What you should do: Print exactly the lines of the listing below from the one containing "Acaté's president Christopher" through the final line, both included, and no pictures.

#### Dataset extract

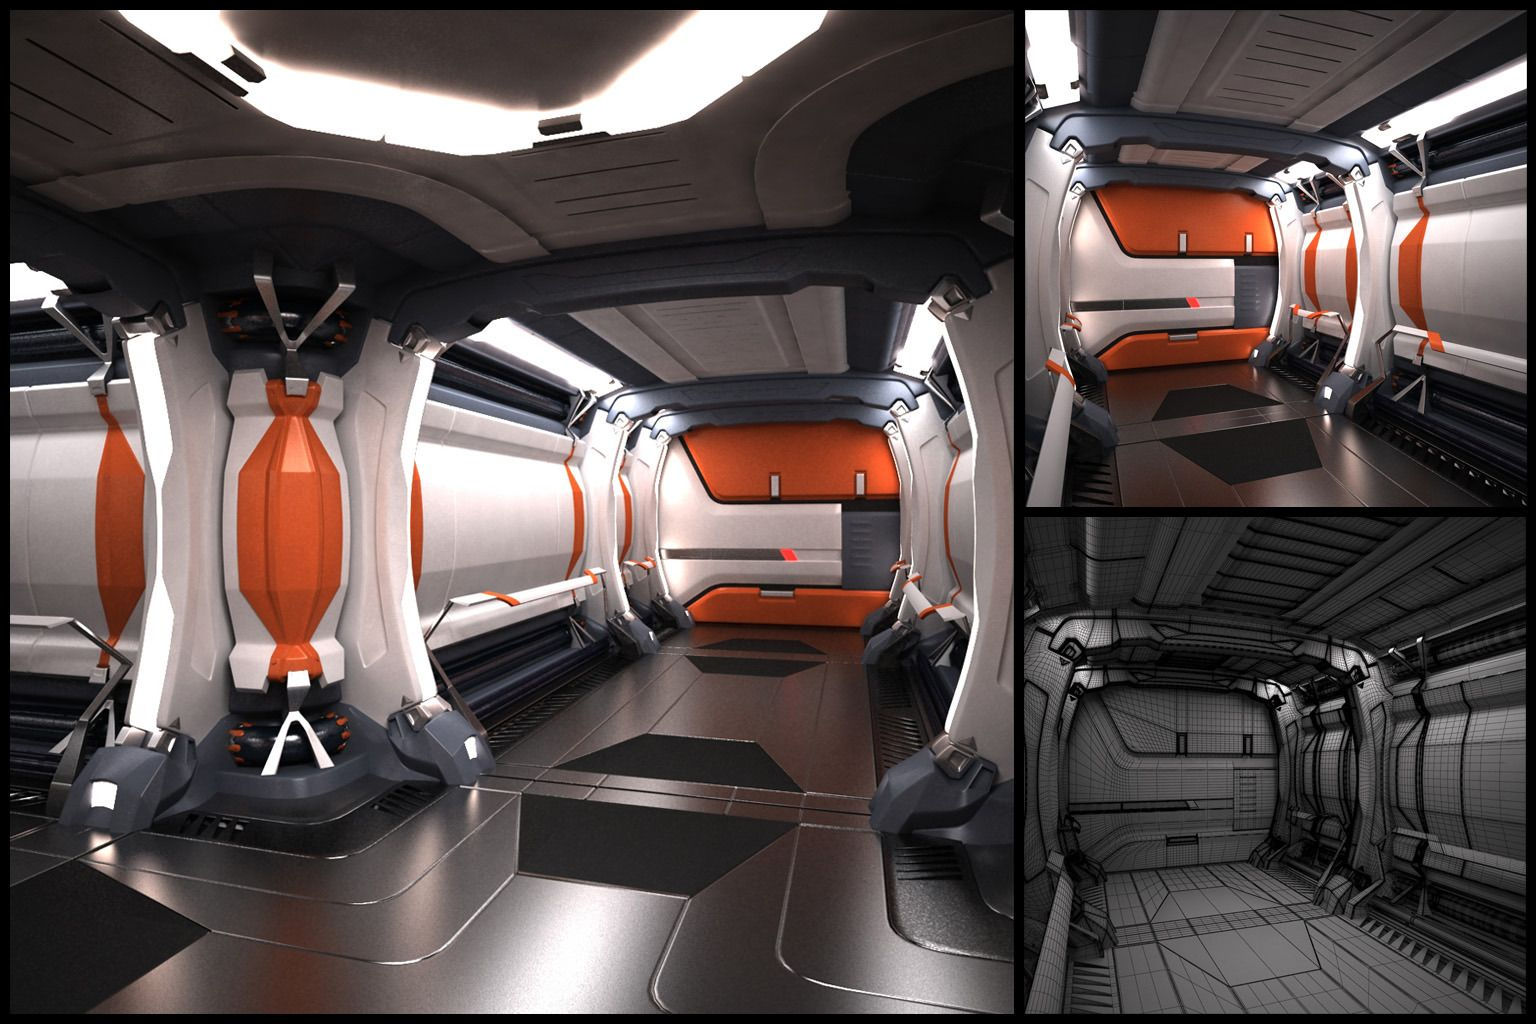 sci fi corridor futuristic interior futuristic architecture spaceship interior et science. Black Bedroom Furniture Sets. Home Design Ideas
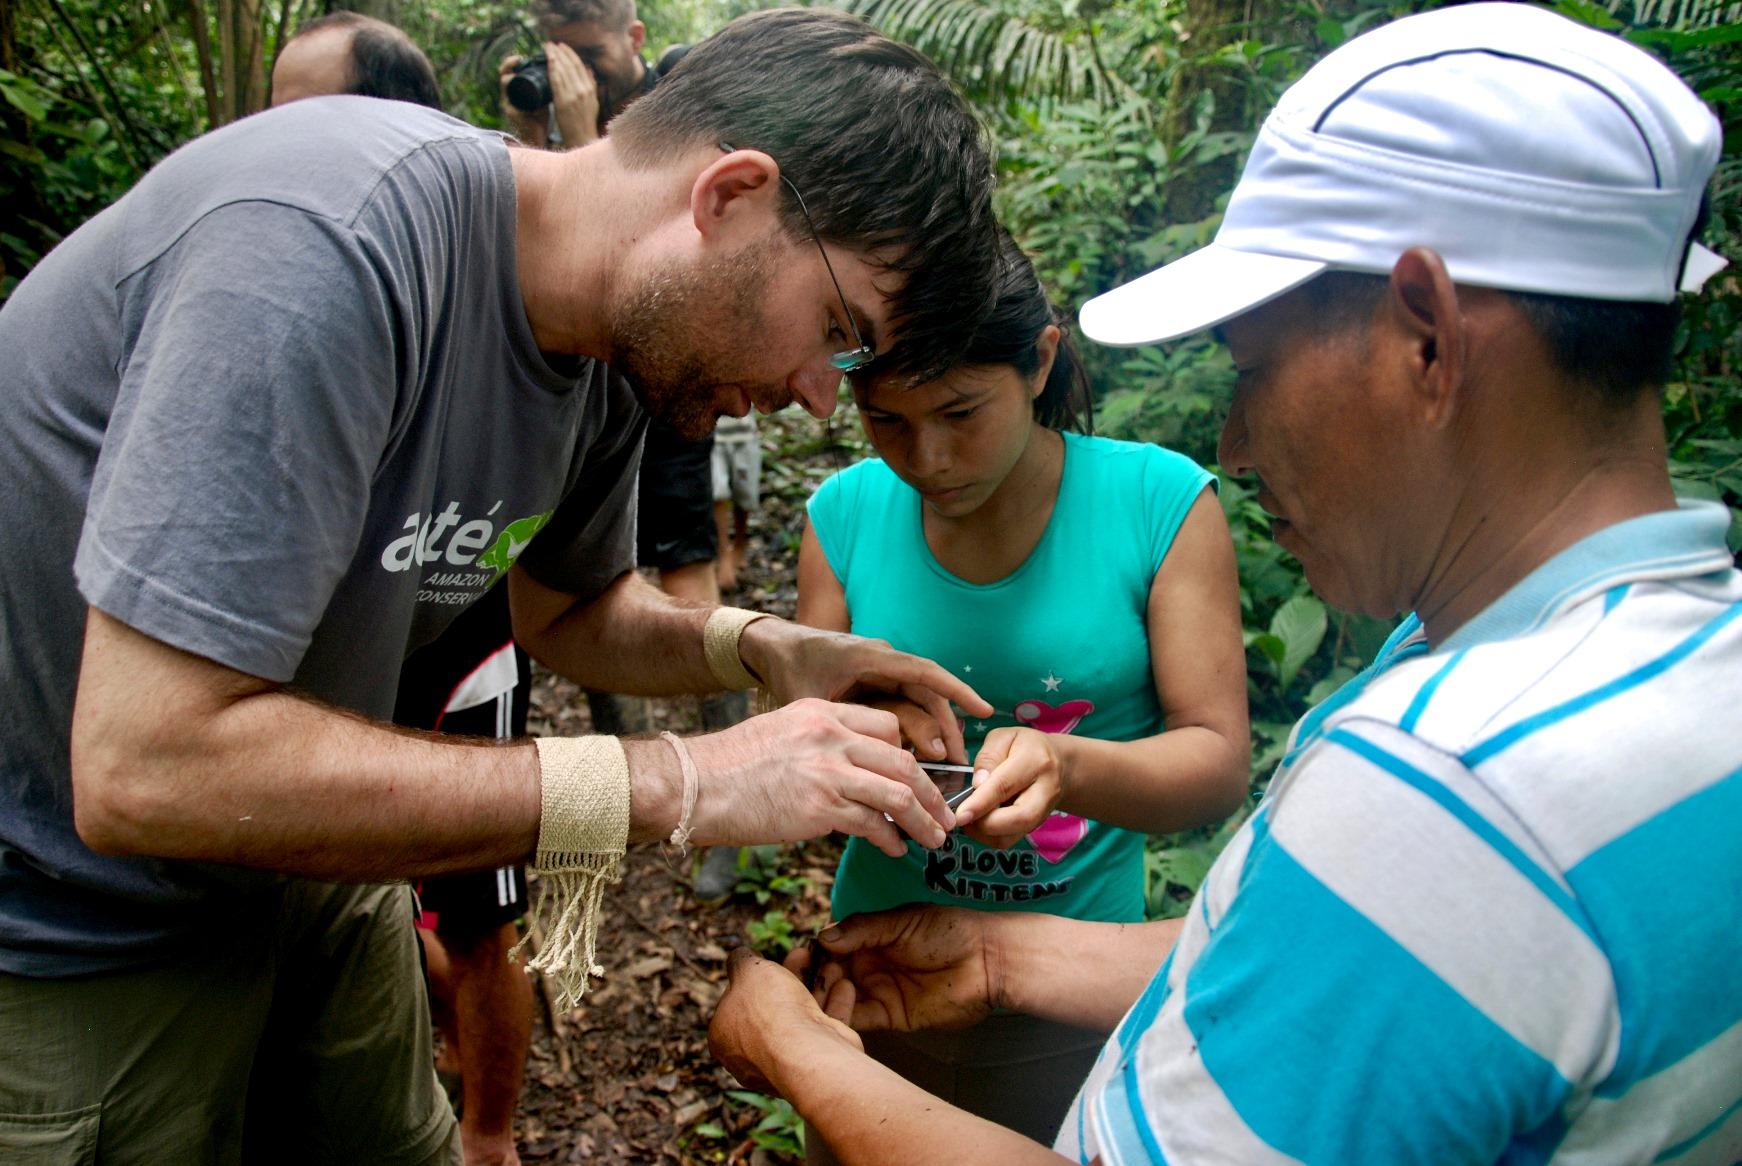 Acaté's president Christopher Herndon and Matsés residents Casilda Jiménez and Segundo Shabac Reyna Pérez developing the pilot herpetological inventory near Estirón village.
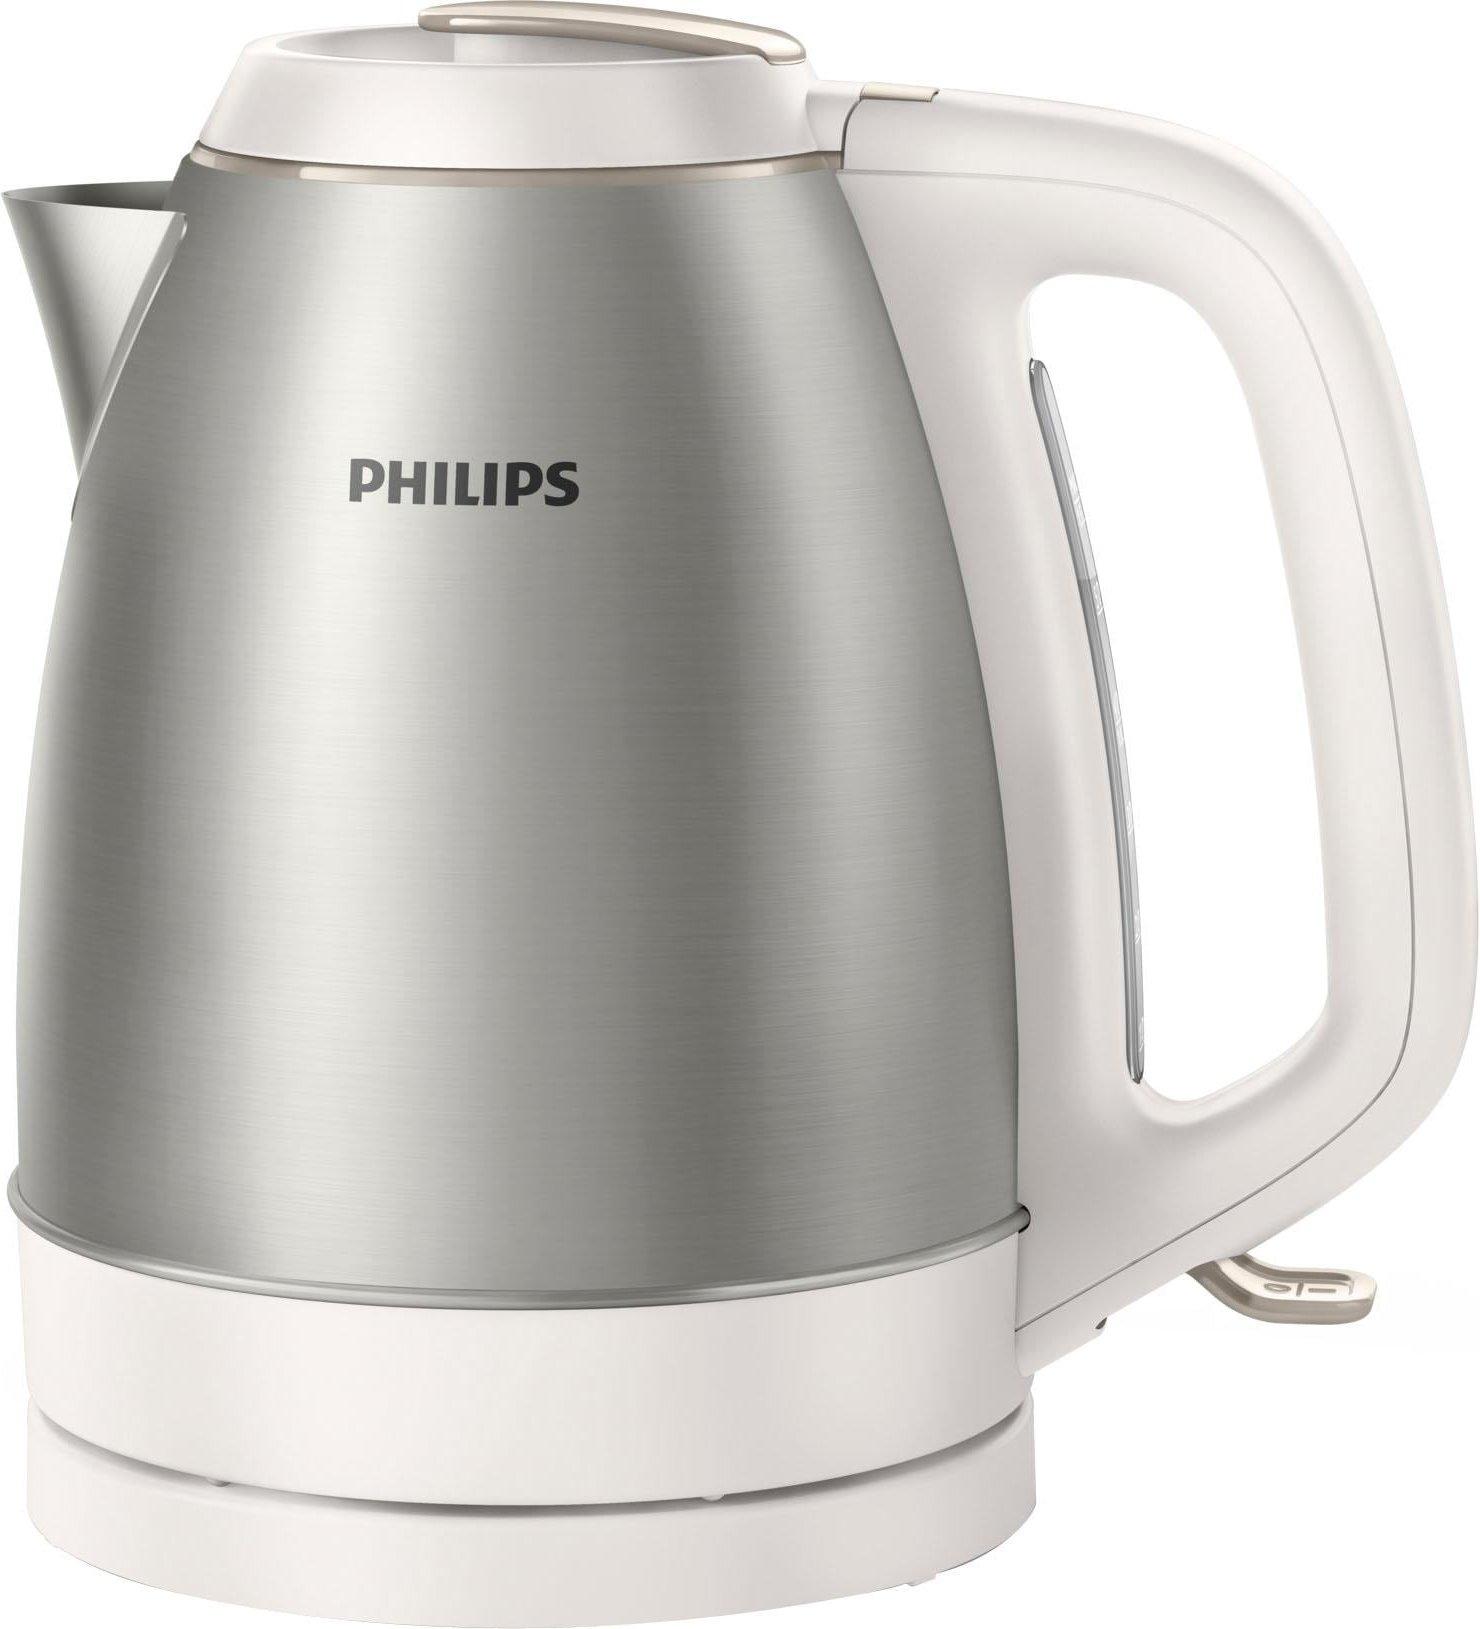 Philips Wasserkocher HD9305/00 15 Liter 2200 Watt

########

Written answer:
 Acaté's president Christopher Herndon and Matsés residents Casilda Jiménez and Segundo Shabac Reyna Pérez developing the pilot herpetological inventory near Estirón village.
 Philips Wasserkocher HD9305/00 15 Liter 2200 Watt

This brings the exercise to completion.